EXAMPLE 29; Example 29A; Step 1; (R)-2-methyl-piperazine (3.5 g, 34.9 mmol), 2-bromo-5-fluoro benzotri fluoride (7.74 g, 31.7 mmol), BlNAP (0.59 g, 0.95 mmol), tBuONa (4.58 g, 47.65 mmol) and Pd2(dba)3 (0.29 g, 0.32 mmol) were mixed in the flask and purged with N2. Anhydrous toluene (50 mL) was added and purged with N2 again. The resulting mixture was heated in an oil bath at 1000C under N2 for 3 hours. The mixture was cooled to room temperature, diluted with dichloromethane (150 mL), washed with H2O (30 mL) first, then washed with saturated brine (30 mL). The combined organic layer was dried over Na2SO4, concentrated down under reduced pressure to give a brown color liquid as crude.

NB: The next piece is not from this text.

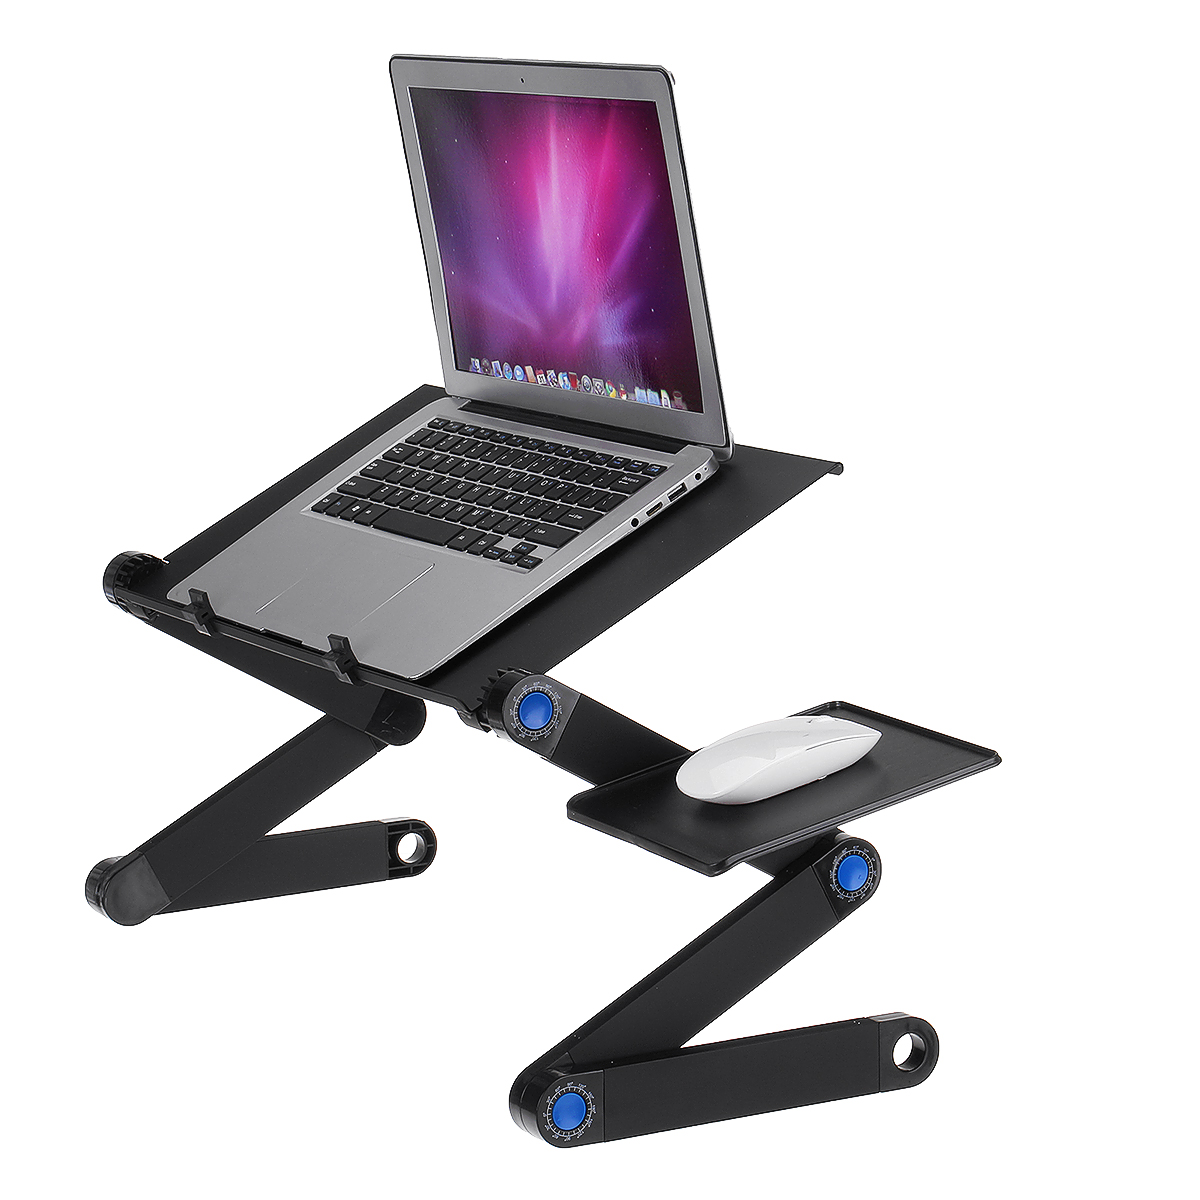 Cooling-Laptop-Desk-360-Degree-Aluminum-Alloy-Adjustable-Foldable-Cooling-Notebook-Table-for-Sofa-Be-1786133-11

The crude product was purified on silica gel column eluted with 5-10percent MeOH in DCM to give (3lambda)-l-[4-fluoro-2-(trifluoromethyl)phenyl]-3-methylpiperazine as a light yellow oil (6.85 g, 82percent).; Example 29AX. 3-(((2R)-4-r4-fluoro-2-ftrifluoromethyl)phenyll-2-methylpiperazin-l – yl ) sulfonvDphenol; Step A; (R)-2-methyl-piperazine (3.88 g, 38.70 mmol), 2-bromo, 5-fluoro benzotrifluoride (8.55 g, 35.18 mmol), tris(dibenzylidineacetone)dipalldium (0) (32.0 mg g, 0.35 mmol), rac-2,2′-bis(diphenylphosphino)-l,l’-binaphthyl (657.0 mg, 1.06 mmol) and sodium tert- butoxide (5.07 g, 52.77 mmol) were charged to a reaction flask. Toluene (40 mL) was introduced under nitrogen atmosphere and the reaction mixture was heated up at 11O0C for 5.0 hours. Reaction was complete as determined by TLC. The reaction mixture was diluted with dichloromethane, washed with water, saturated brine then dried over MgSO4 and concentrated. The crude product was purified via flash column chromatography to yield (R)-I -(4-fluoro-2- (trifluoromethyl)phenyl)-3-methylpiperazine as a light brown oil (3.1 g, 33.6percent yield).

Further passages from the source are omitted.